The cocktail list is divided into three sections: house cocktails, “wine”, and no-brainers, and there’s interesting drinking to be had in each section.

Under the house cocktails, you’ll find pearlers like the Haymarket (vodka, Thai basil, lime leaf, ginger, sichuan, lemongrass, ume) inspired by Sydney’s Chinatown, the Hall Street Fizz (rum, matcha, mangosteen, coconut oil, fermented oats).

The remarkable thing, however, is that you’re receiving these complex drinks, that have layer after layer of flavour, in such quick time — it’s a welcome antidote to the bars in which you’ll wait 10 or 15 minutes for your drink to appear. It’s not that there isn’t a lot of technique applied to these drinks, it’s just that — like with the fermented fruit wines — the work is done in advance.

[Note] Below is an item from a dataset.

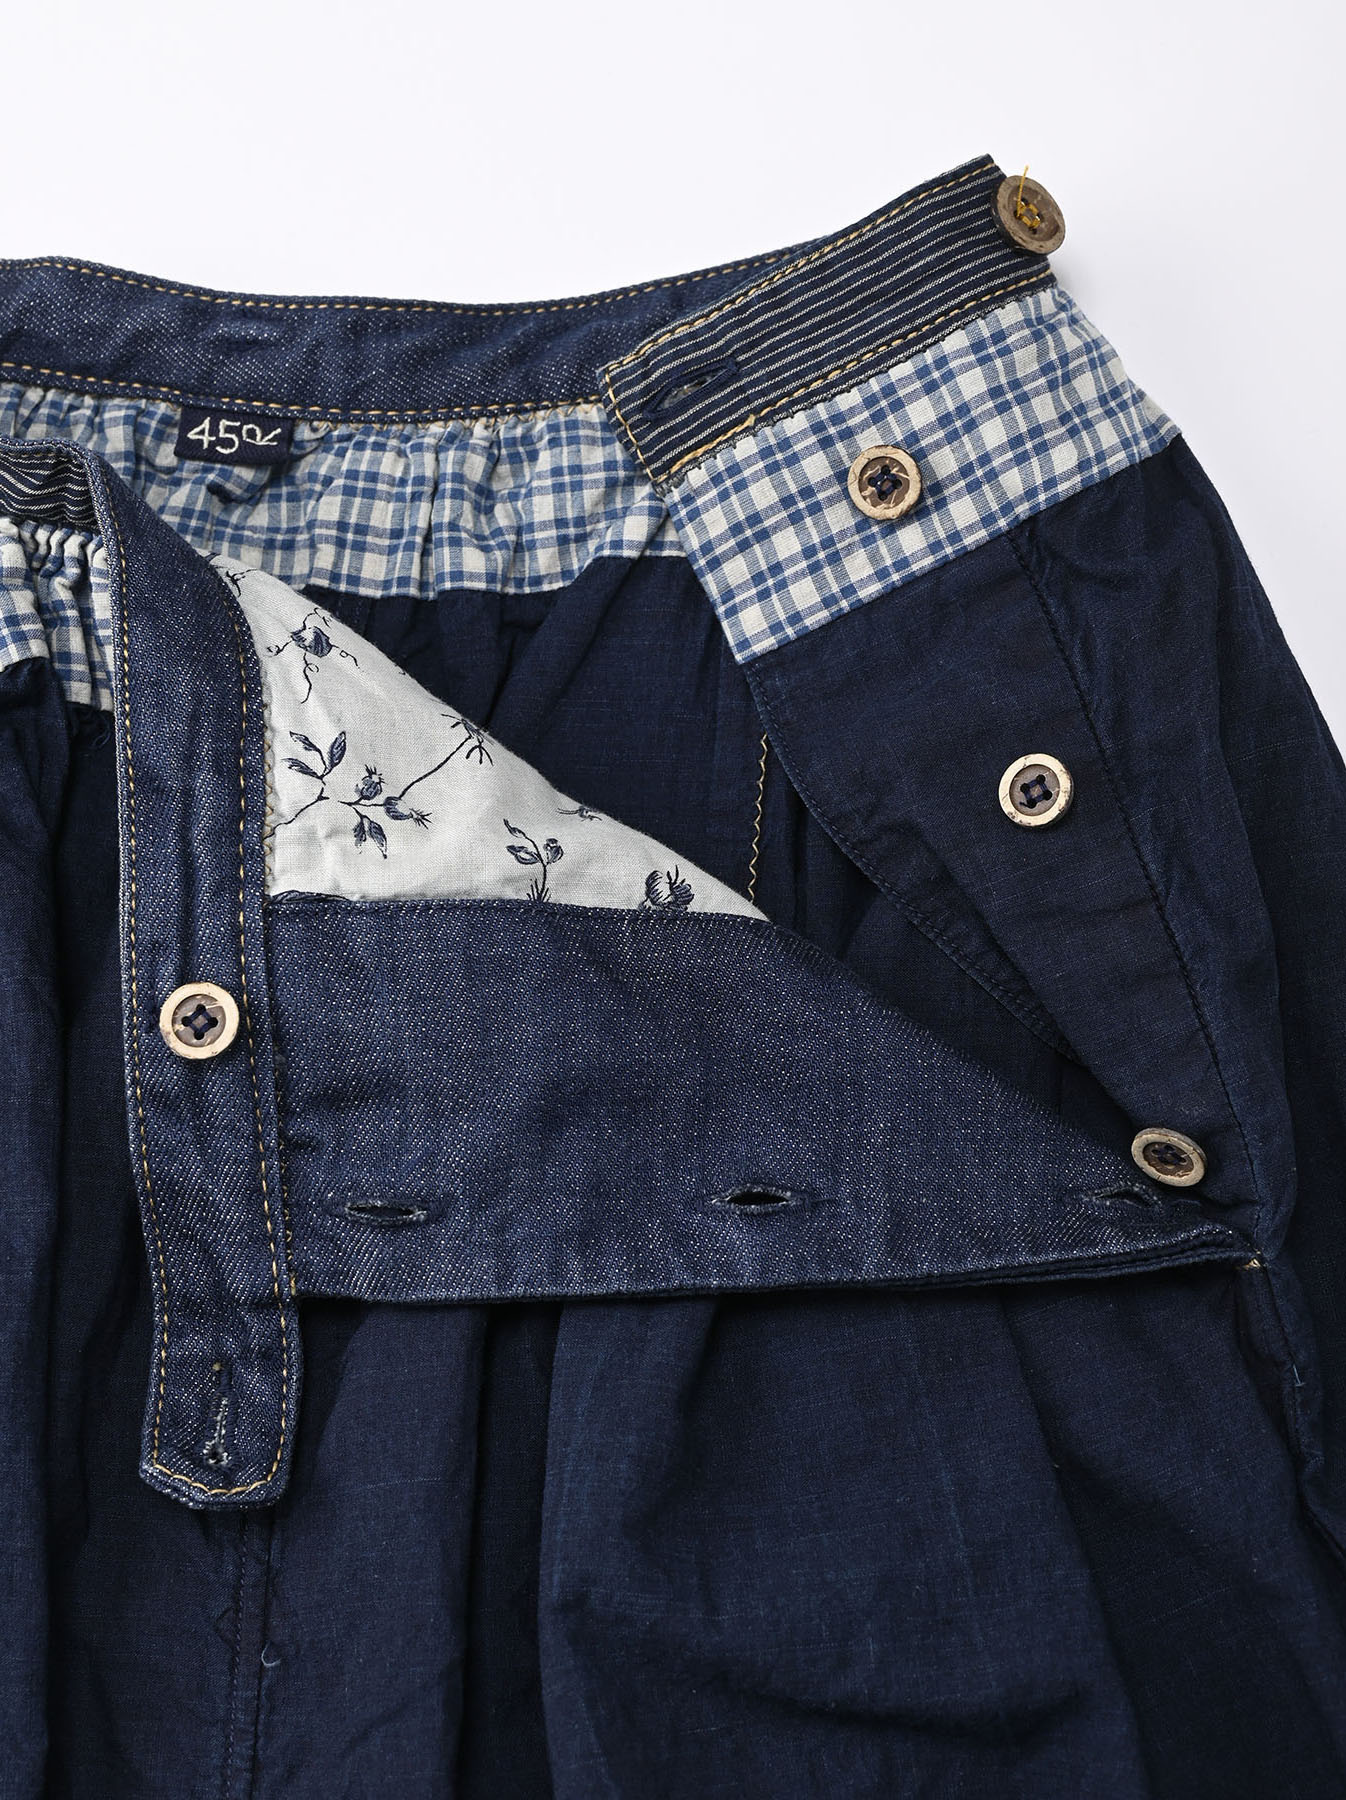 Indigo Tappet Patchwork Skirt-7

“We do all the weird shit behind the scenes, so when we put it in a glass it looks like a normal glass, if not sometimes more basic than others because we don’t garnish that much,” Whiley says. “We just serve what is tasty and in season.”

Three fruit wines were on when we visited and included a banana wine, melon wine, and a blackberry wine; Whiley and the team put a lot of work into these, and when they’re gone they’re gone — some of them have been left to ferment for two months, and it’s not the sort of thing you can whip up another batch of at a moment’s notice.

The space itself is dark, with black on the walls and moody dark green tables, which draws our attention to the bar top itself.

Our best advice is to grab one of the five or six seats at the bar itself, where you can get your utter bar geek on and admire the flat bar set up with everything placed just so, within an easy grasp — it’s a sight to behold.